Write-write conflict: threads 0 and 1 both wrote to value.
Thread 0 | counter.py:7 temp = self.value
| [read Counter.value]
Thread 0 | counter.py:8 self.value = temp + 1
| [write Counter.value]
Thread 1 | counter.py:7 temp = self.value
| [read Counter.value]
Thread 1 | counter.py:8 self.value = temp + 1
| [write Counter.value]
Reproduced 10/10 times (100%)
Automatic Race Finding with Bytecode Exploration¶
Bytecode exploration generates random opcode-level schedules. It often finds races very quickly and can catch races invisible to DPOR (e.g. shared state in C extensions), but the error traces are less interpretable:
from frontrun.bytecode import explore_interleavings
class Counter:
def __init__(self, value=0):
self.value = value
def increment(self):
temp = self.value
self.value = temp + 1
result = explore_interleavings(
setup=lambda: Counter(value=0),
threads=[
lambda c: c.increment(),
lambda c: c.increment(),
],
invariant=lambda c: c.value == 2,
max_attempts=200,
max_ops=200,
seed=42,
)
assert result.property_holds, result.explanation
Output:
Race condition found after 1 interleavings.

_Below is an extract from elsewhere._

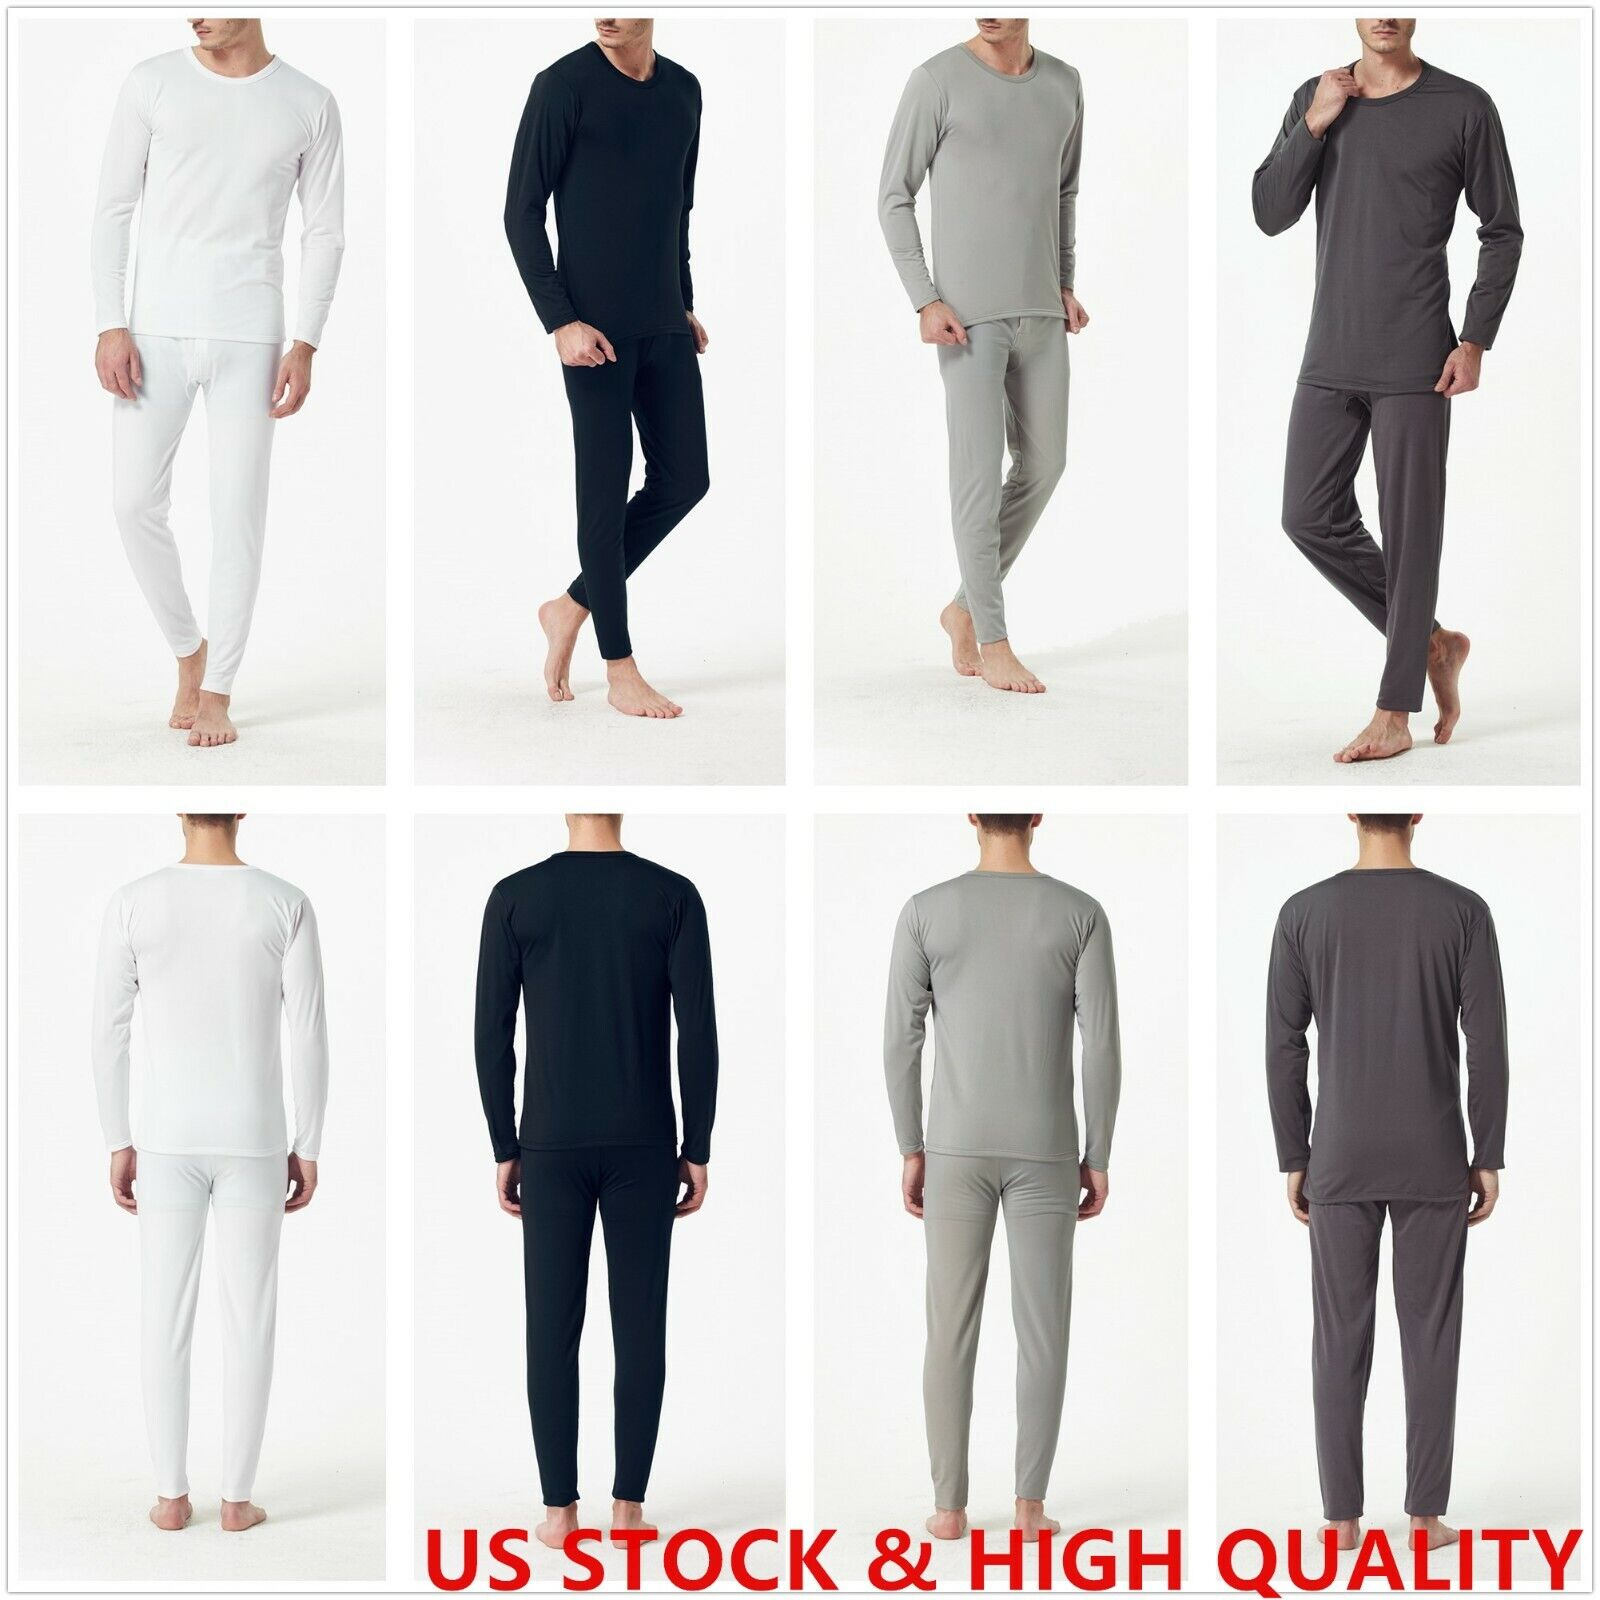 Phoeron Men's Thermal Underwear Set Top & Bottom Long Johns
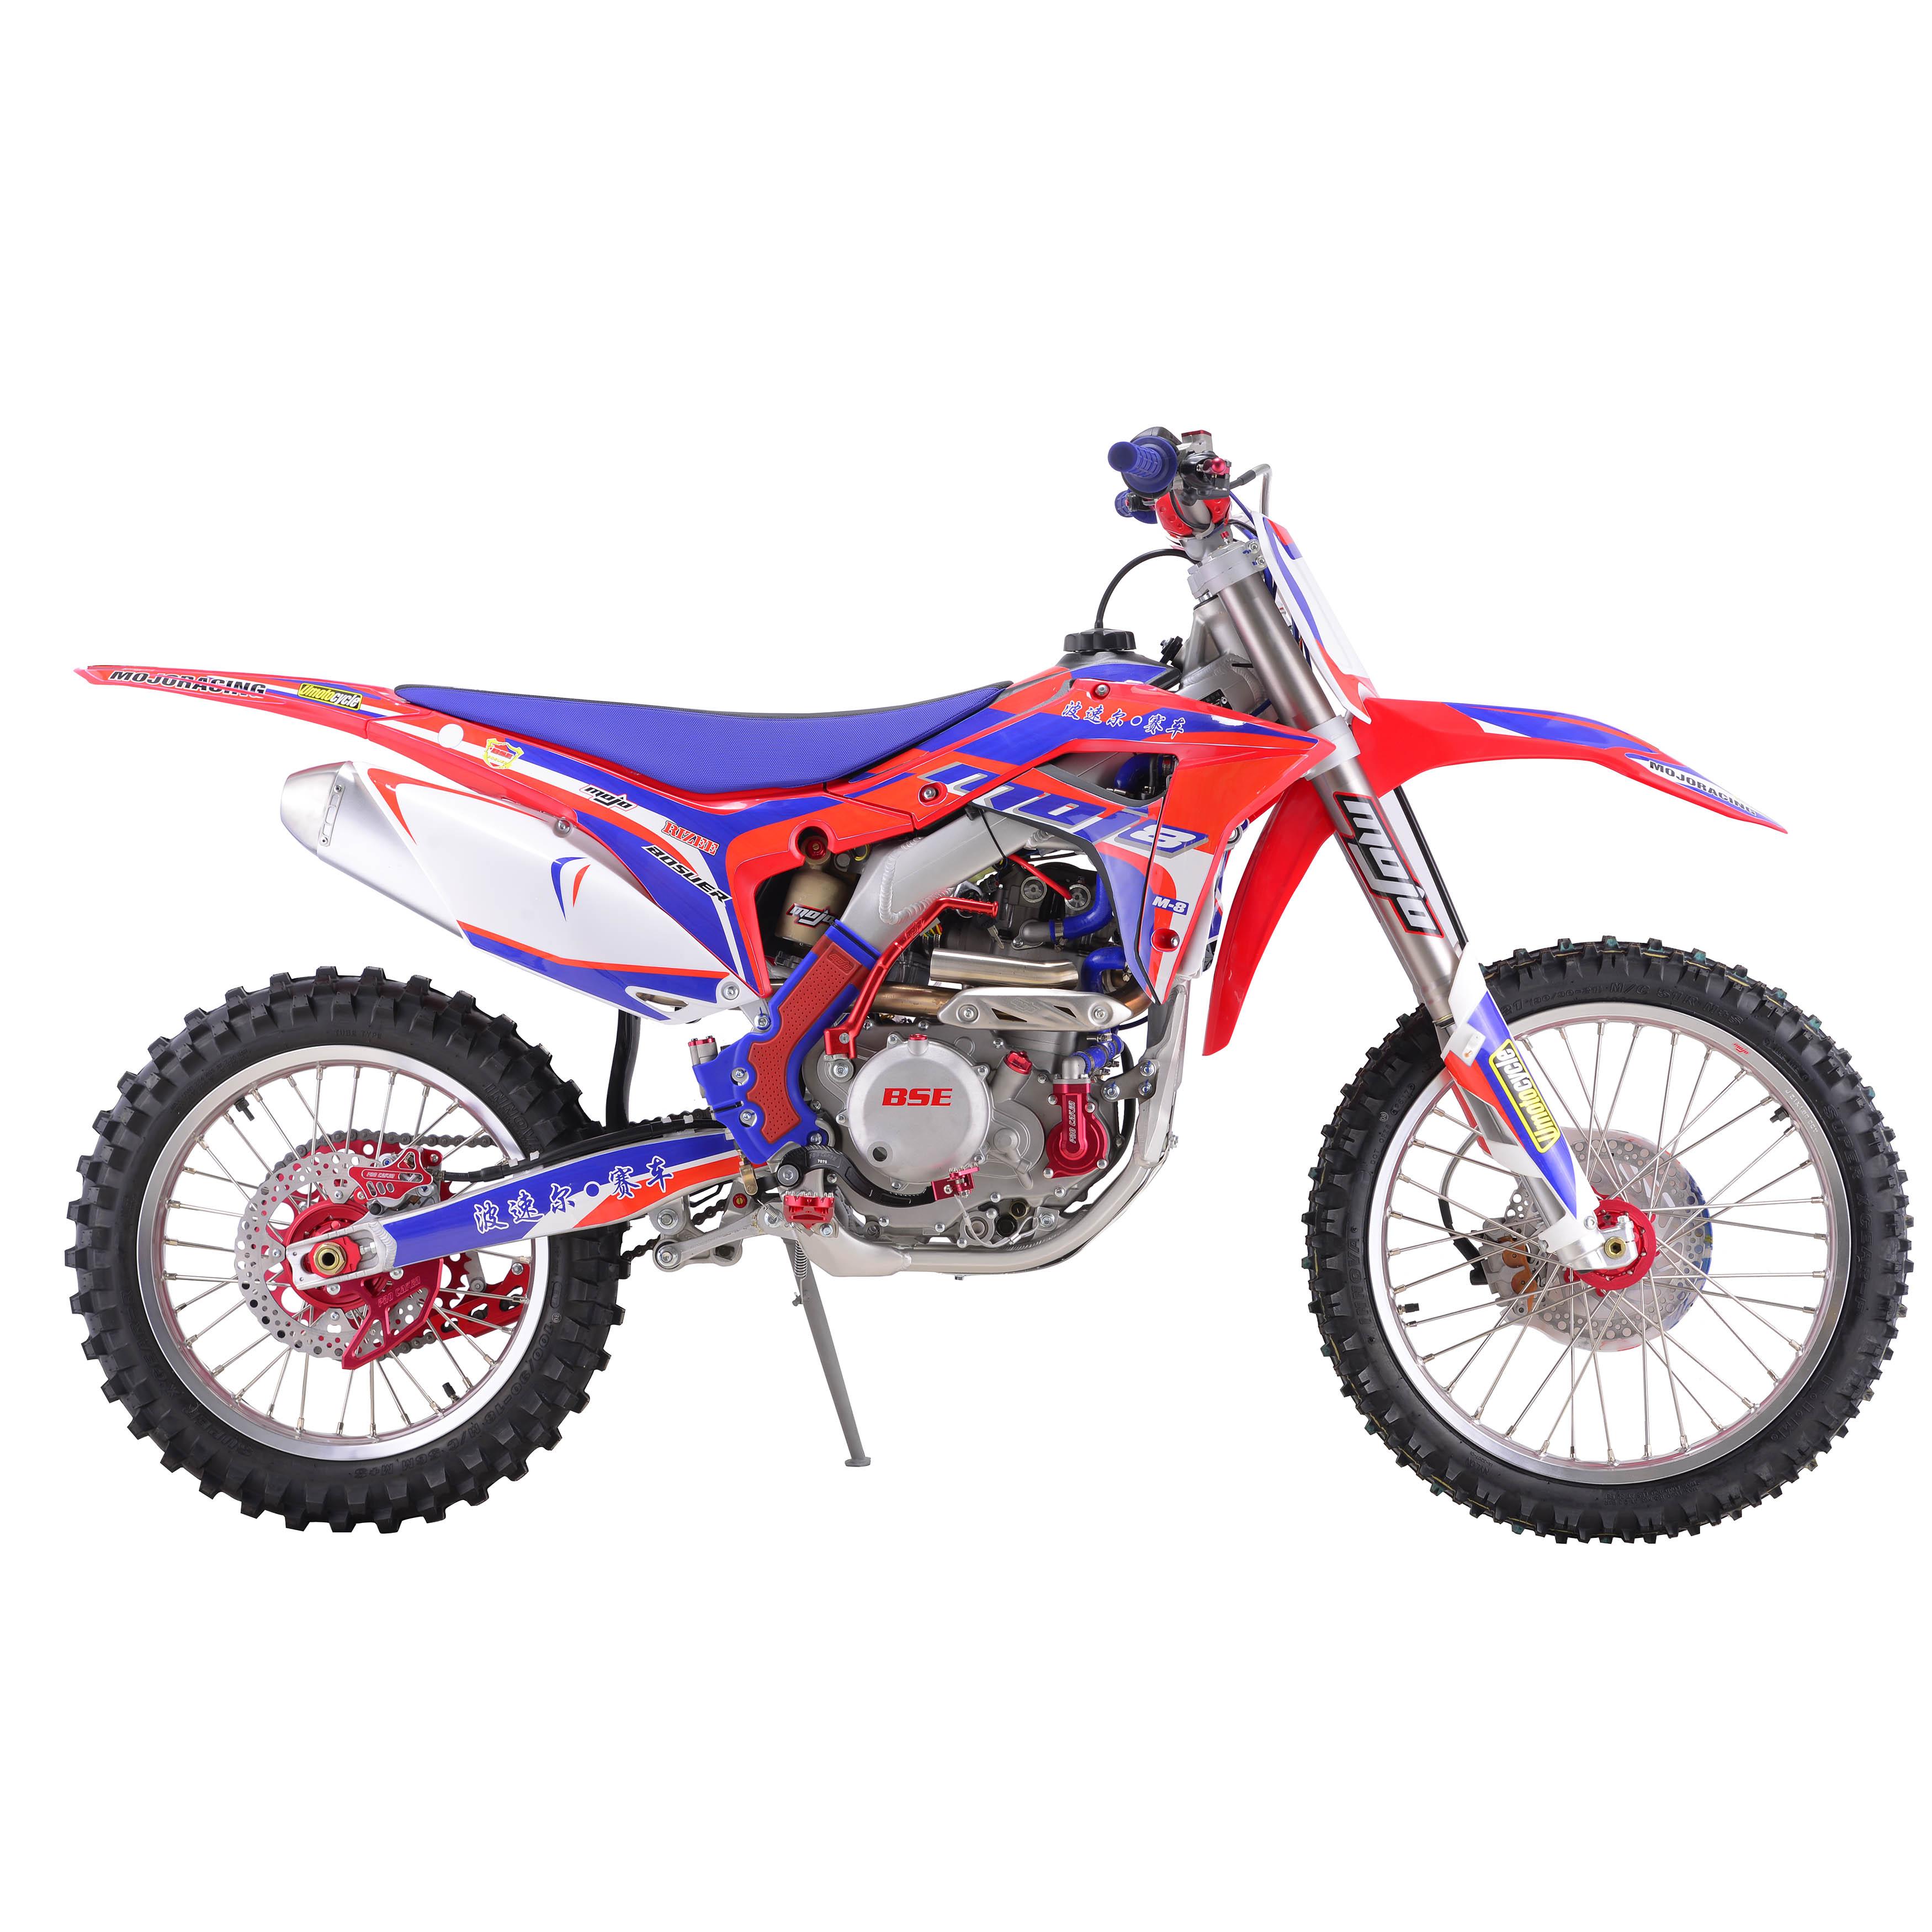 dirt bike BOSUER M450 450cc

Lost update: threads 0 and 1 both read value before either wrote it back.
Thread 1 | counter.py:7 temp = self.value
| [read value]
Thread 0 | counter.py:7 temp = self.value
| [read value]
Thread 1 | counter.py:8 self.value = temp + 1
| [write value]
Thread 0 | counter.py:8 self.value = temp + 1
| [write value]
Reproduced 10/10 times (100%)
Async Concurrency Control¶
Async trace markers let you control interleaving at await boundaries:
from frontrun.async_trace_markers import AsyncTraceExecutor
from frontrun.common import Schedule, Step
class AsyncBankAccount:
def __init__(self, balance=0):
self.balance = balance
async def get_balance(self):
return self.balance
async def set_balance(self, value):
self.balance = value
async def transfer(self, amount):
# frontrun: read_balance
current = await self.get_balance()
new_balance = current + amount
# frontrun: write_balance
await self.set_balance(new_balance)
account = AsyncBankAccount(balance=100)
schedule = Schedule([
Step("task1", "read_balance"),
Step("task2", "read_balance"),
Step("task1", "write_balance"),
Step("task2", "write_balance"),
])
executor = AsyncTraceExecutor(schedule)
executor.run({
"task1": lambda: account.transfer(50),
"task2": lambda: account.transfer(50),
})
assert account.balance == 150 # one transfer lost
Real-World Case Study: SQLAlchemy ORM¶
For a walkthrough of a real lost-update race in SQLAlchemy ORM code running against PostgreSQL, see SQLAlchemy Lost-Update Race Condition. That case study demonstrates detection with trace markers and bytecode exploration, and discusses why DPOR cannot detect this particular race (the shared state lives in the database, not in Python memory).